DATA FOR PROCESSING -
Content starts
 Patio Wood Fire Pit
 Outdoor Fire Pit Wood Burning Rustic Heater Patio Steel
Content ends
Content starts
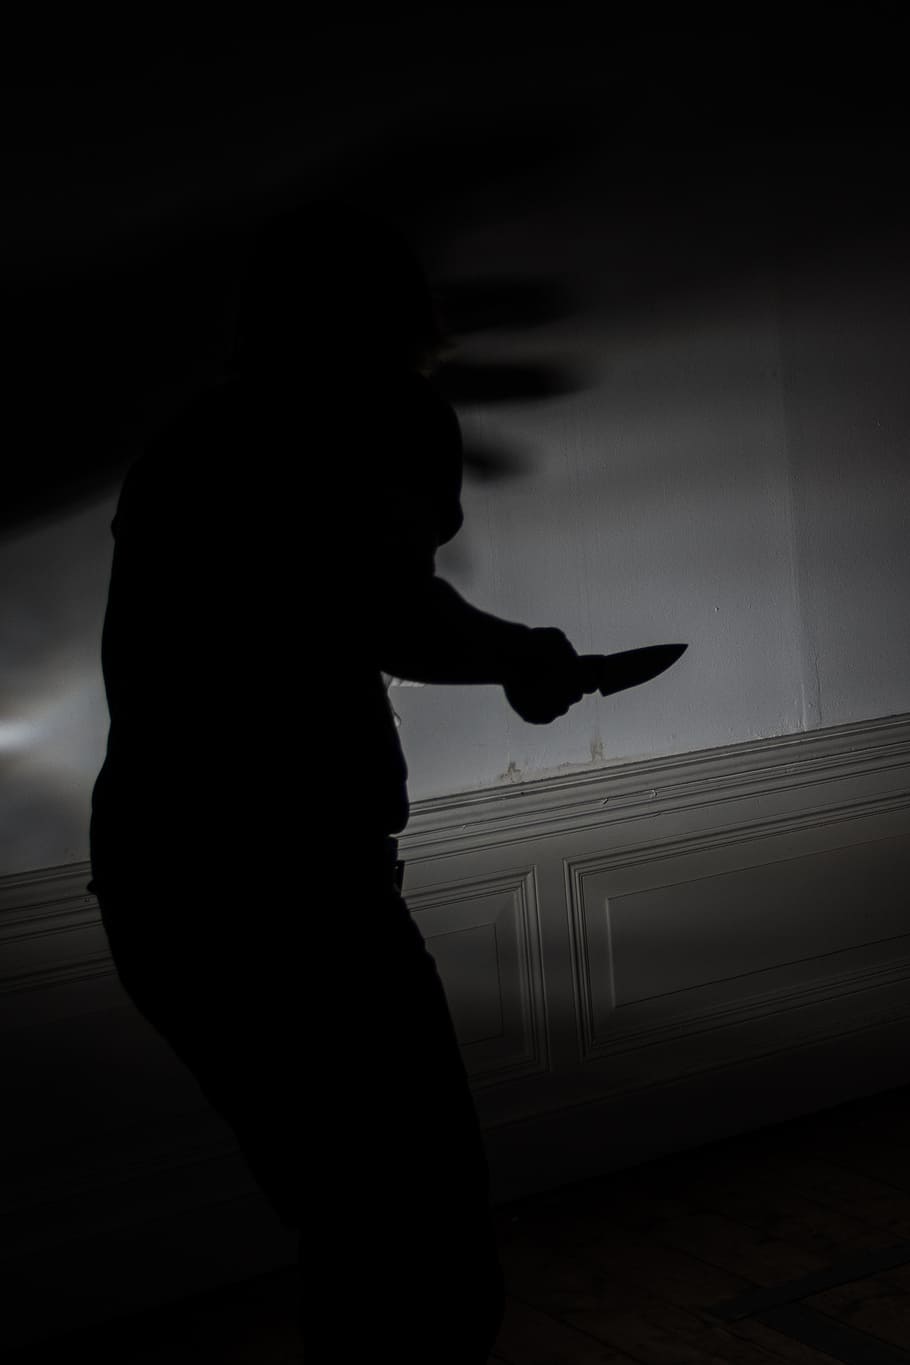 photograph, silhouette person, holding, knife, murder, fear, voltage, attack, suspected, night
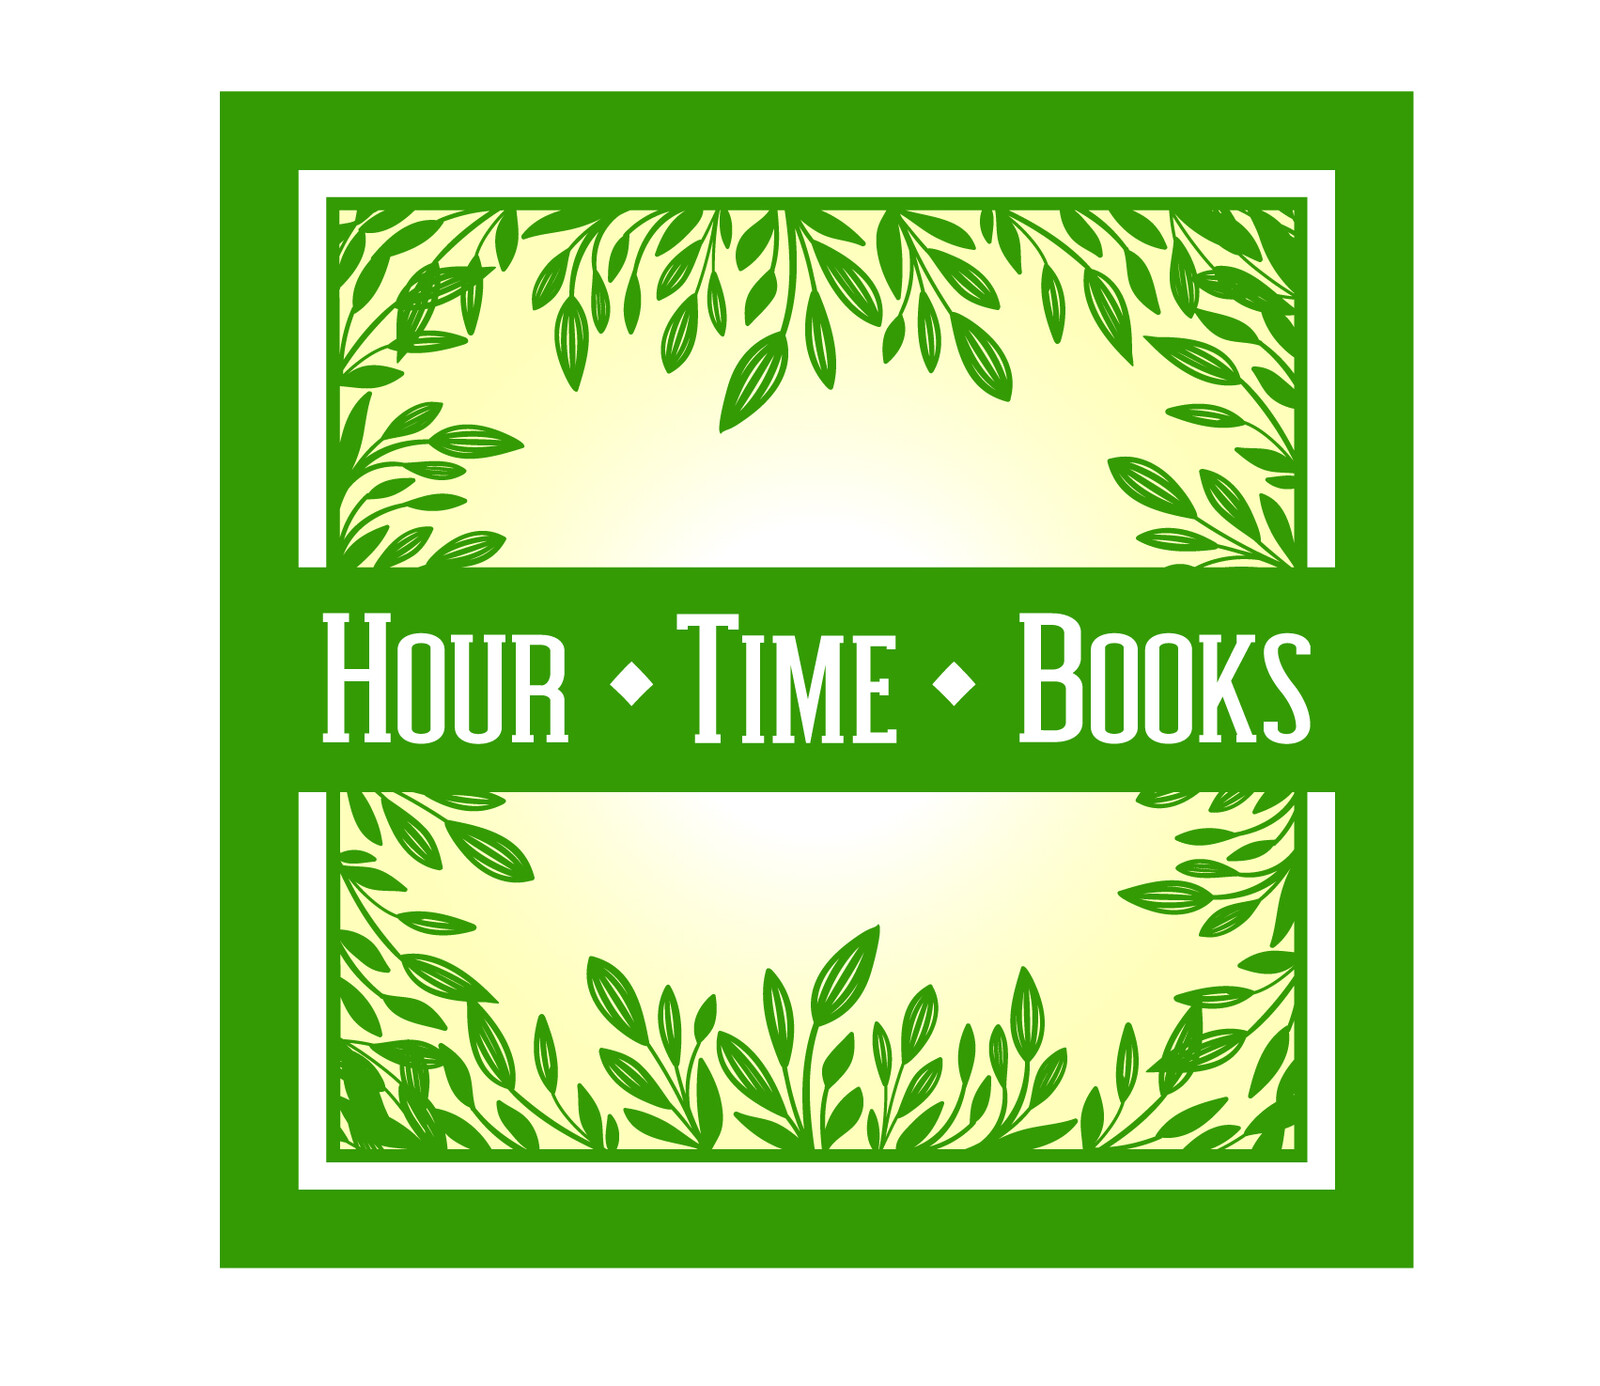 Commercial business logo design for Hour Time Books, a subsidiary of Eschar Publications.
Content ends
ABOUT THIS TASK -
Report each line above containing the string "Wood".

TASK RESPONSE -
 Patio Wood Fire Pit
 Outdoor Fire Pit Wood Burning Rustic Heater Patio Steel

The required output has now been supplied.